For unionism, this was a dreadful outcome. In the zero-sum logic of tribal politics, that meant Irish nationalism had won. O’Toole acknowledged a limited sense in which Ireland did win: for the first time ever, because of the solidarity of all EU member states, the Republic found itself in a stronger position than Britain in a crucial tussle. But in truth, he wrote, nobody won anything. Damage limitation is not victory. Ireland made the best of a bad job, yet very few people on the island were unaware of what had been lost: the trust built over decades, the deep sense of common purpose, and above all the feeling in 2011 that a lot of bad history had been properly acknowledged and was therefore capable of being transcended.
The economic costs have been stark. Ireland is uniquely exposed to Brexit: around 15% of its goods and services exports go to the UK, and two-thirds of Irish exporters use the UK land bridge to reach continental markets. Studies predict that increased trade costs could lower Irish exports by 3–8% and Irish GDP by 3–7% by 2030. The agri-food sector, which sends roughly 40% of its exports to the UK, is particularly vulnerable. Public opinion in the Republic has remained overwhelmingly pro-EU, with polls consistently showing 70–90% approval, and, following the referendum, around 80% believed the UK had made the wrong decision.

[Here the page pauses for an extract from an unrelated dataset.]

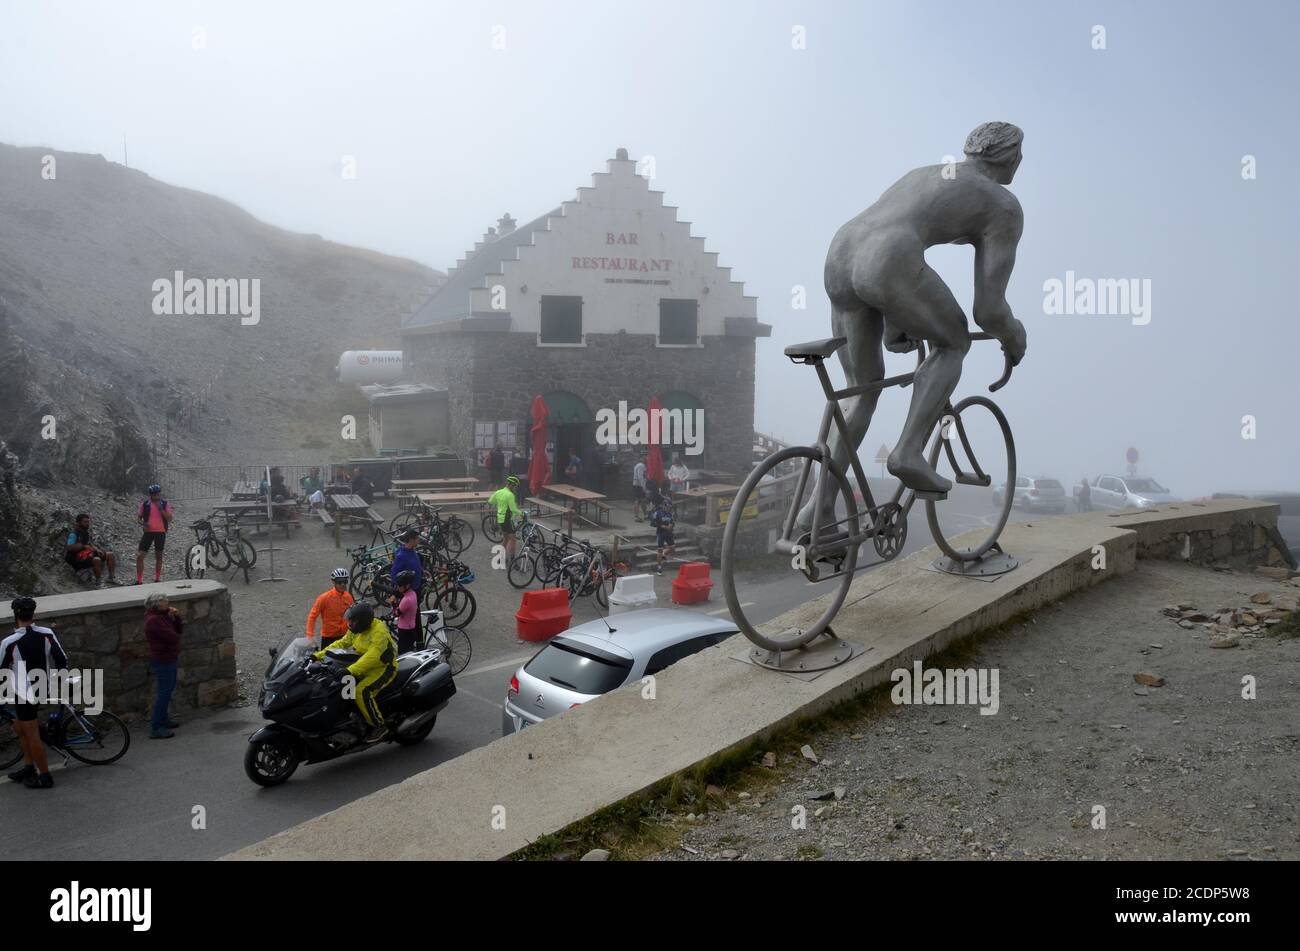 La cima del col du Tourmalet nella catena montuosa dei Pirenei (2115 m), Francia meridionale. Un'opera d'arte rende omaggio ai ciclisti del Tour de France. Foto Stock

Starmer’s reset and the spectre of Farage
In fairness to Keir Starmer, O’Toole wrote — a phrase he noted is not much used in Britain now — the departing prime minister’s government has done a great deal to rebuild trust. Starmer visited Dublin in September 2024, the first British leader to do so in five years, and agreed to hold regular UK-Ireland summits. His government has focused on deepening cooperation in areas including trade, investment, energy, security, climate and culture, with significant Irish investment flowing into the UK. Both governments remain committed to safeguarding the Good Friday Agreement.
The dominant feeling in Ireland about Brexit, O’Toole suggested, is not anger but sadness. There is no pleasure in being proved right about the economic stasis and political instability it created. If Britain wants to move back into a closer relationship with the EU, Ireland will be there to help in every possible way.
Yet there is also fear. O’Toole warned that one of the delayed consequences of Brexit could be Nigel Farage in Downing Street. Farage, a prominent Brexit campaigner and leader of Reform UK, has continued to be a significant voice in right-wing politics, echoing themes similar to Donald Trump’s playbook. From the Irish side of the Irish Sea, it feels as though the aftershocks of Brexit — and of its comprehensive failure — may be not diminishing but strengthening. Having seen what a reactionary British government can do to the delicate fabric of Anglo-Irish relationships, O’Toole argued, the Republic cannot afford to be complacent about that prospect.